The string contains only lowercase English alphabets.

Hi,
Here is a quick explanation of how I solved this in linear time - Yes, this one can be done better than your expected O(N log(N)) running time.

  1. First we notice that the string only contains alphabet letters so we can process 1 letter at a time. For example abcabc. If we consider letter ‘a’ first, it looks like a==a== and the longest superior substring has length 5. Similarly, for letter ‘b’, =b==b=, it also has longest length 5. As there are 26 letters, your first loop will be from in range 26.

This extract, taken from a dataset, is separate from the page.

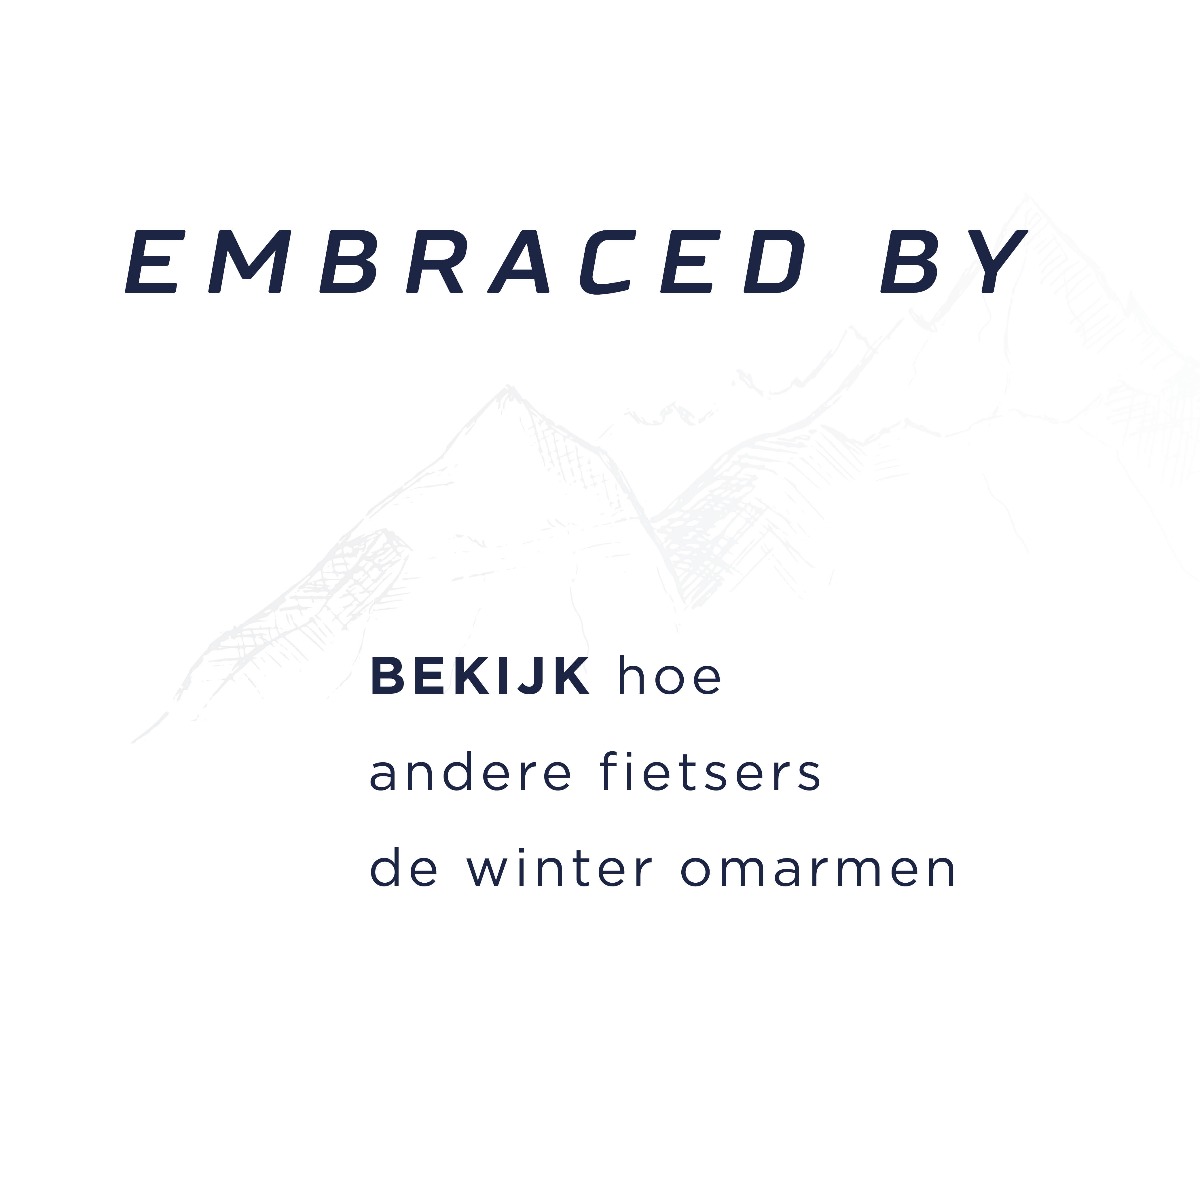 EMBRACED_BY_NL_WEB
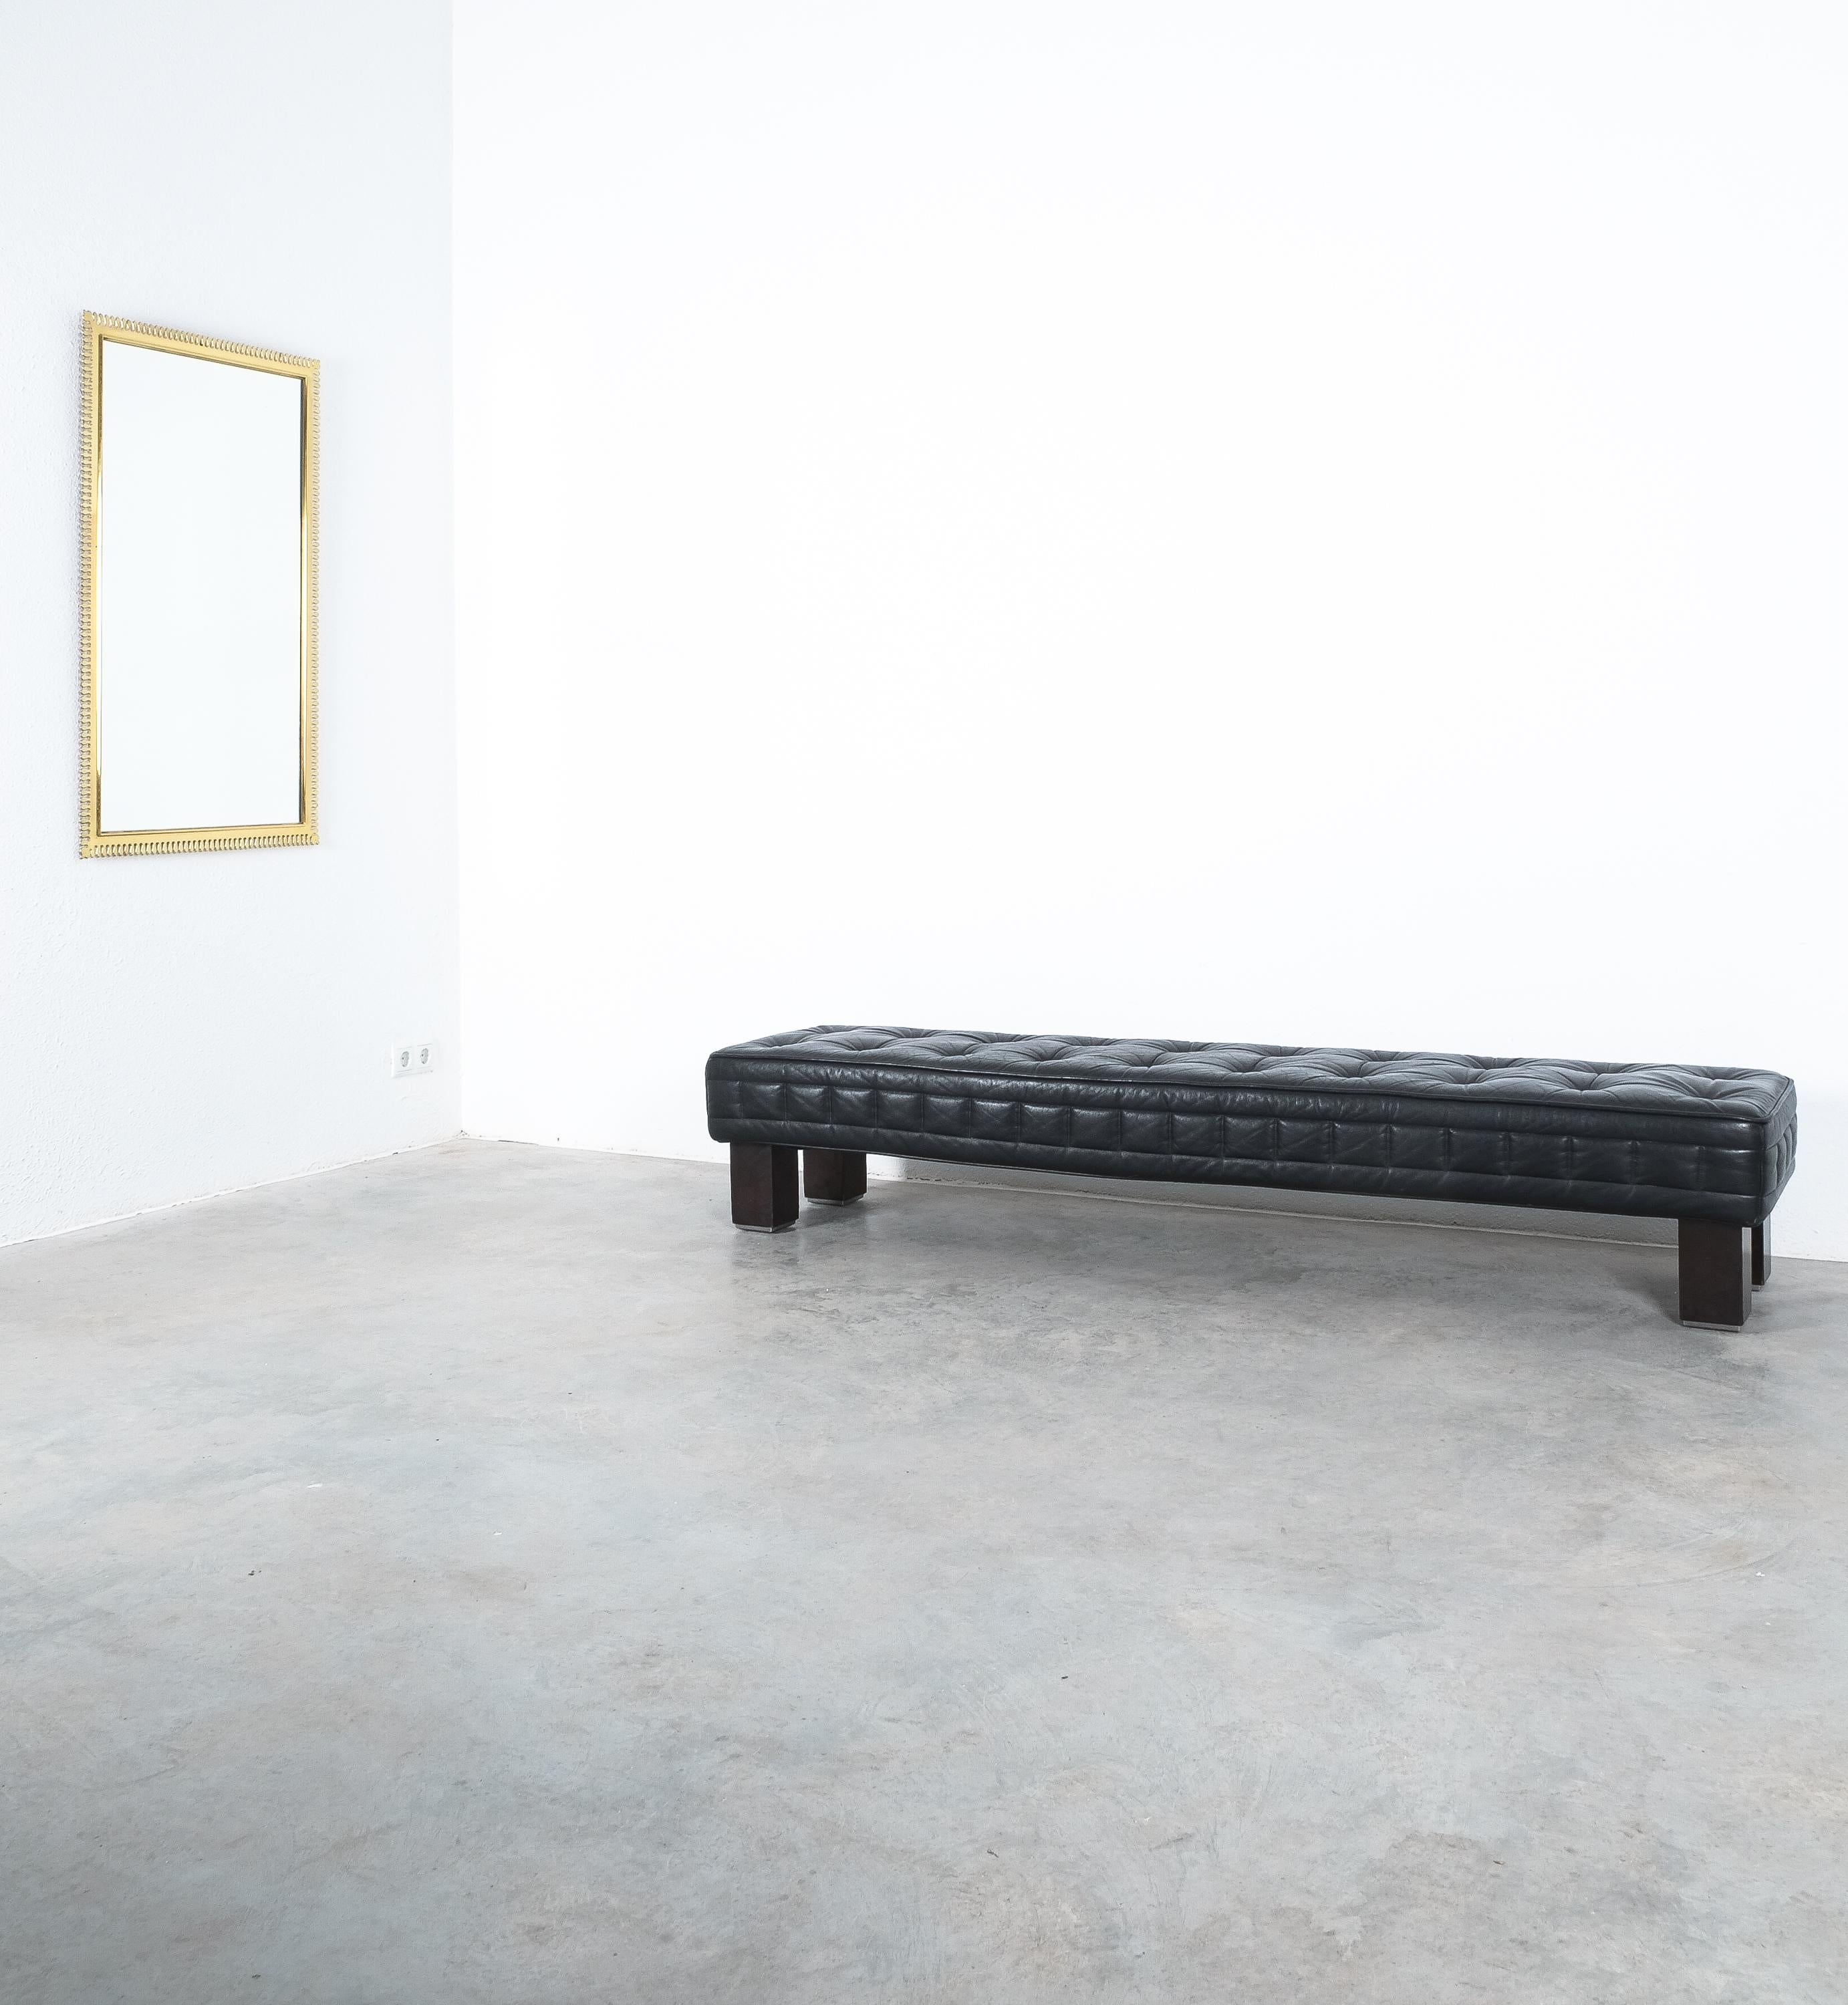 Matteo Thun Tufted Black Leather Banquettes (2 pieces) Bench Materassi, Wittmann For Sale 2

  2. Now, how are we gonna decide the longest superior substring for a single letter? For example, we consider letter ‘a’ of this string: ‘==aa====aaa==a’. Let consider each connected ‘a’ as a group or we can call them islands of ‘a’. The string above has 1 island of length 2, follow by 1 island of length 3 and finally 1 island of length 1. Each island of length l can be extended left/right by l + 1 to remain a superior substring. If it needed less than l + 1 to connected to another island then it will have more ‘letters’ to spare. Using this idea you can process it greedily and keep the information of the visited islands from left to right.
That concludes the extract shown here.